• Assigned task:
Could you repeat exactly the lines below, from the line containing "jayco trailer plug" through the last one, both included, while leaving out any pictures?

• Source data:
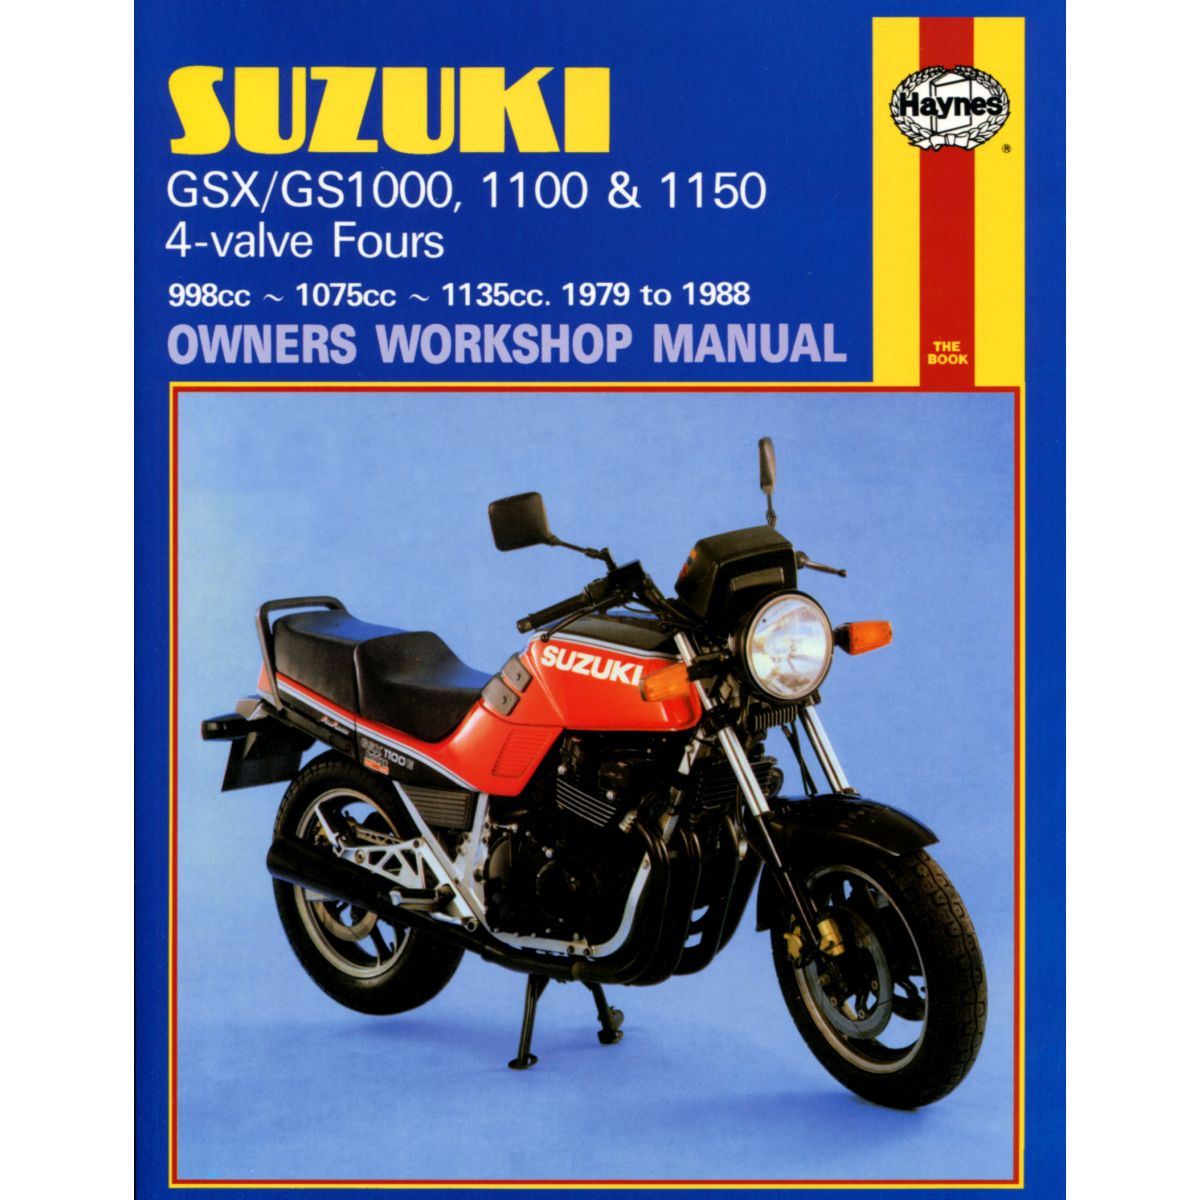 Manual Haynes for 1986 Suzuki GSX 1100 ES-G (16 Valve 
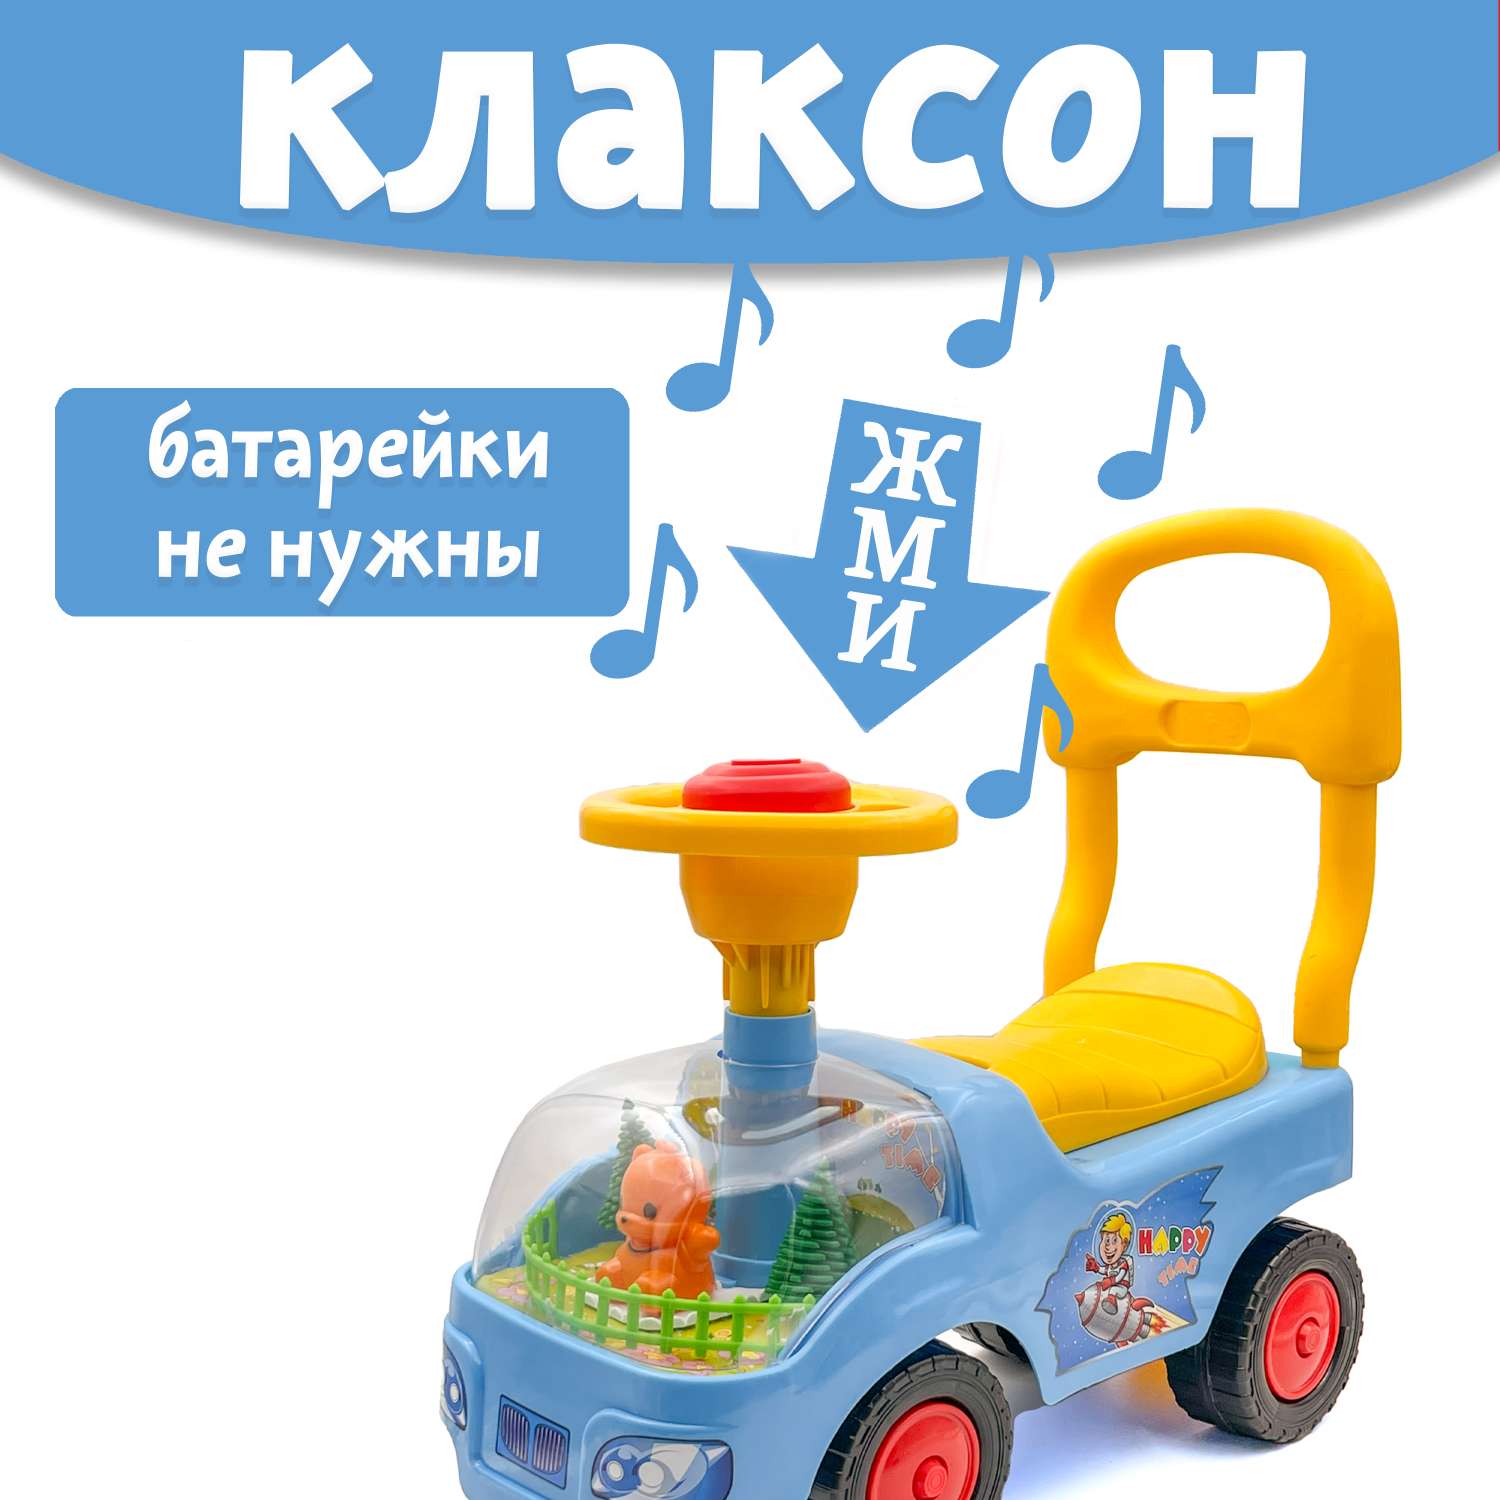 Машина каталка Нижегородская игрушка 134 Голубая - фото 2
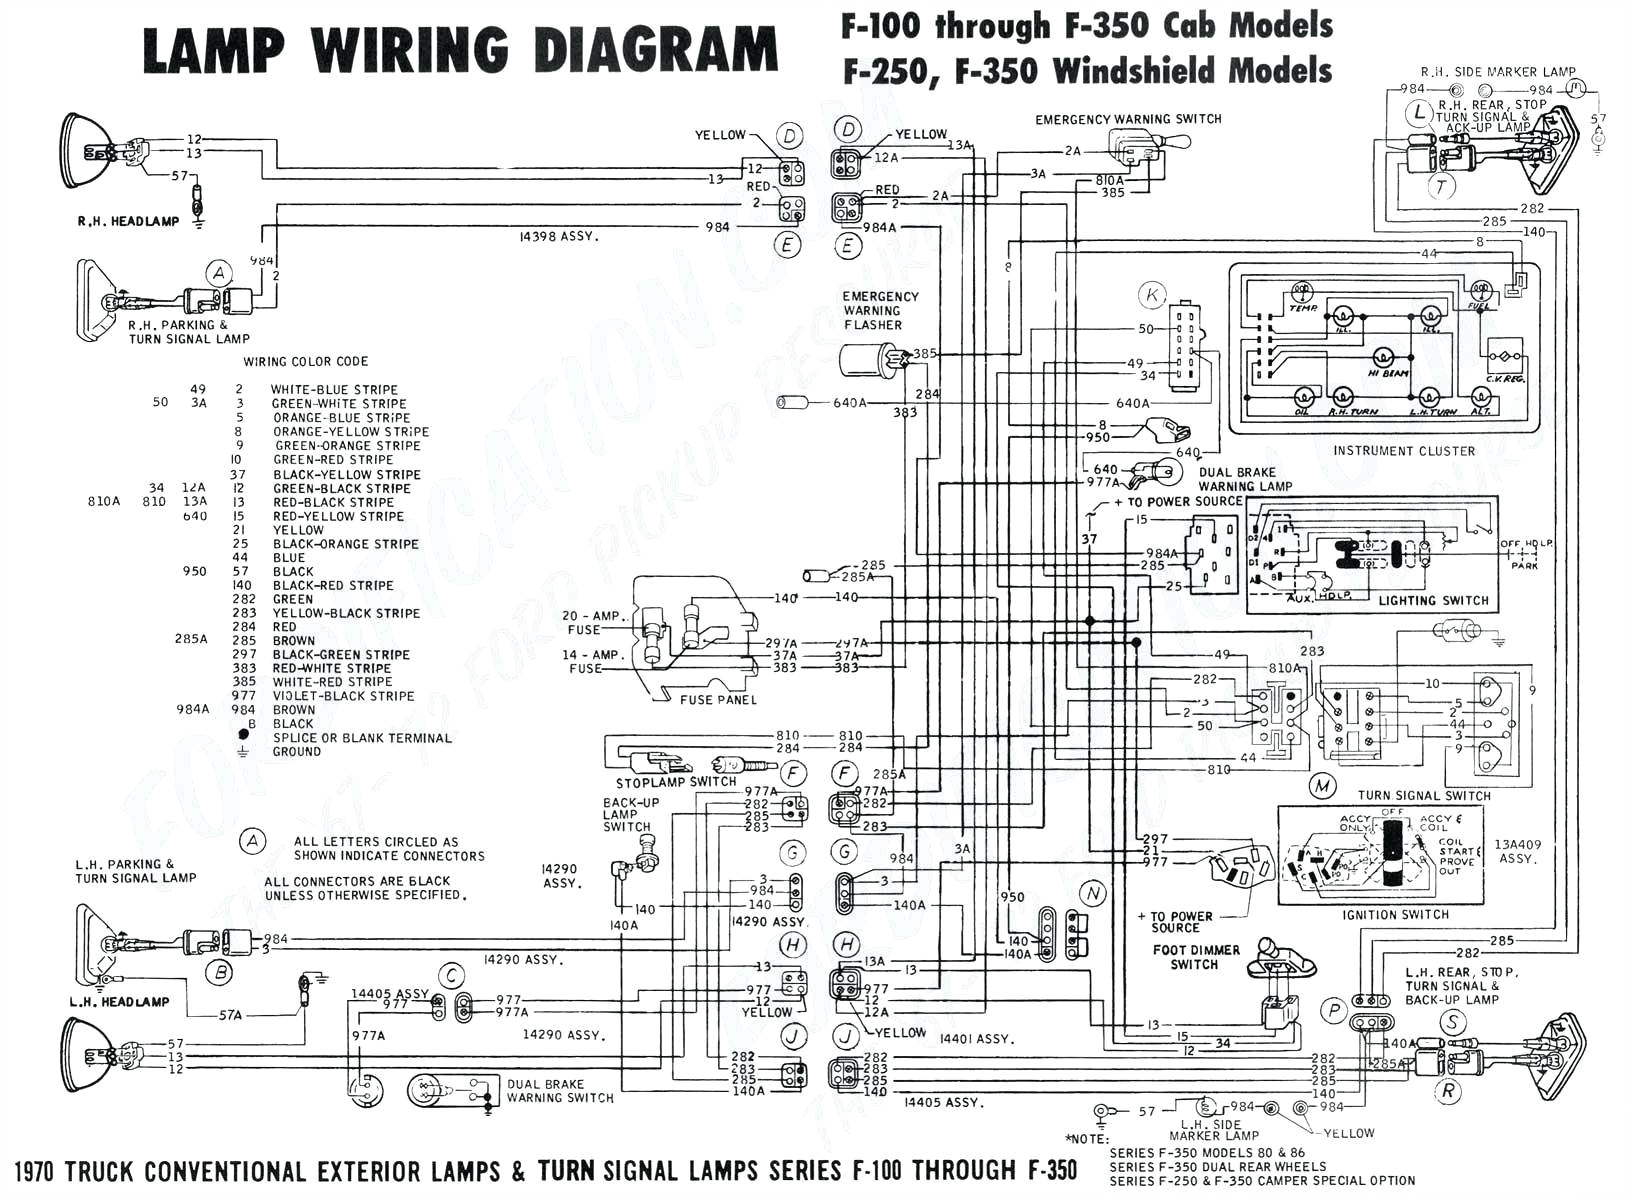 jayco trailer plug wiring diagram fresh 2006 jayco rv wiring diagram plete wiring diagrams
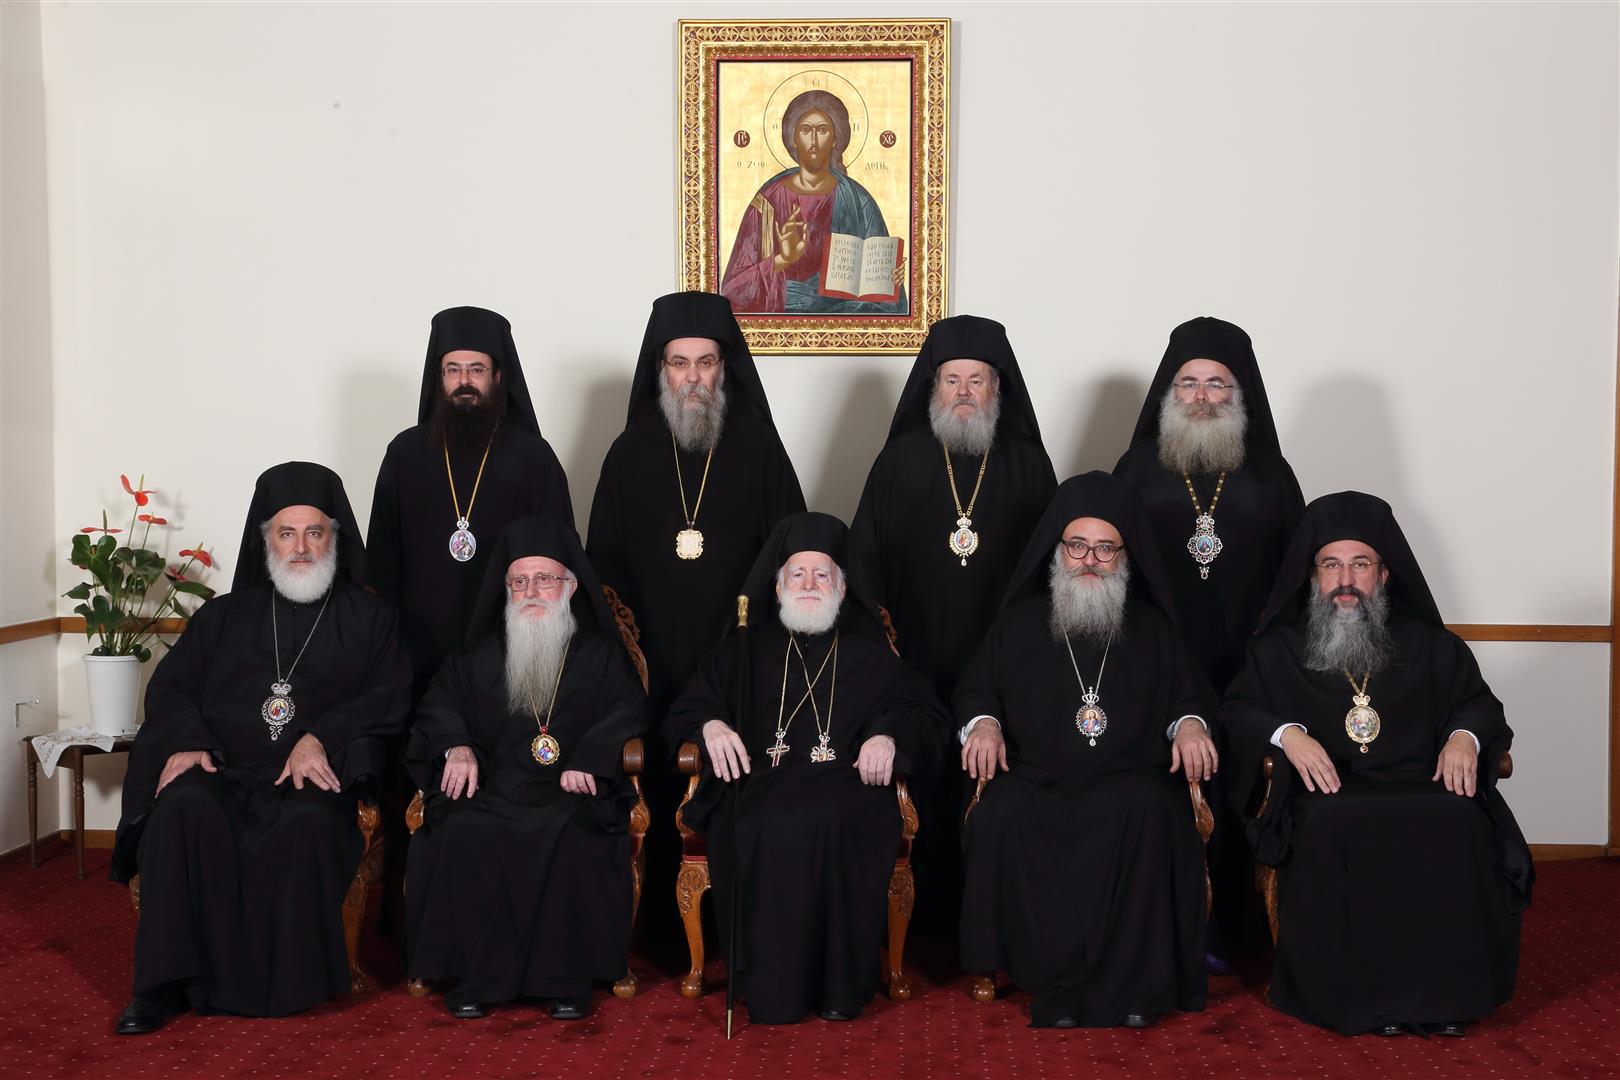 Σκληρή ανακοίνωση της Εκκλησίας της Κρήτης για τη συμφωνία Τσίπρα - Ιερώνυμου

• Exercise answer:
 jayco trailer plug wiring diagram fresh 2006 jayco rv wiring diagram plete wiring diagrams
 Σκληρή ανακοίνωση της Εκκλησίας της Κρήτης για τη συμφωνία Τσίπρα - Ιερώνυμου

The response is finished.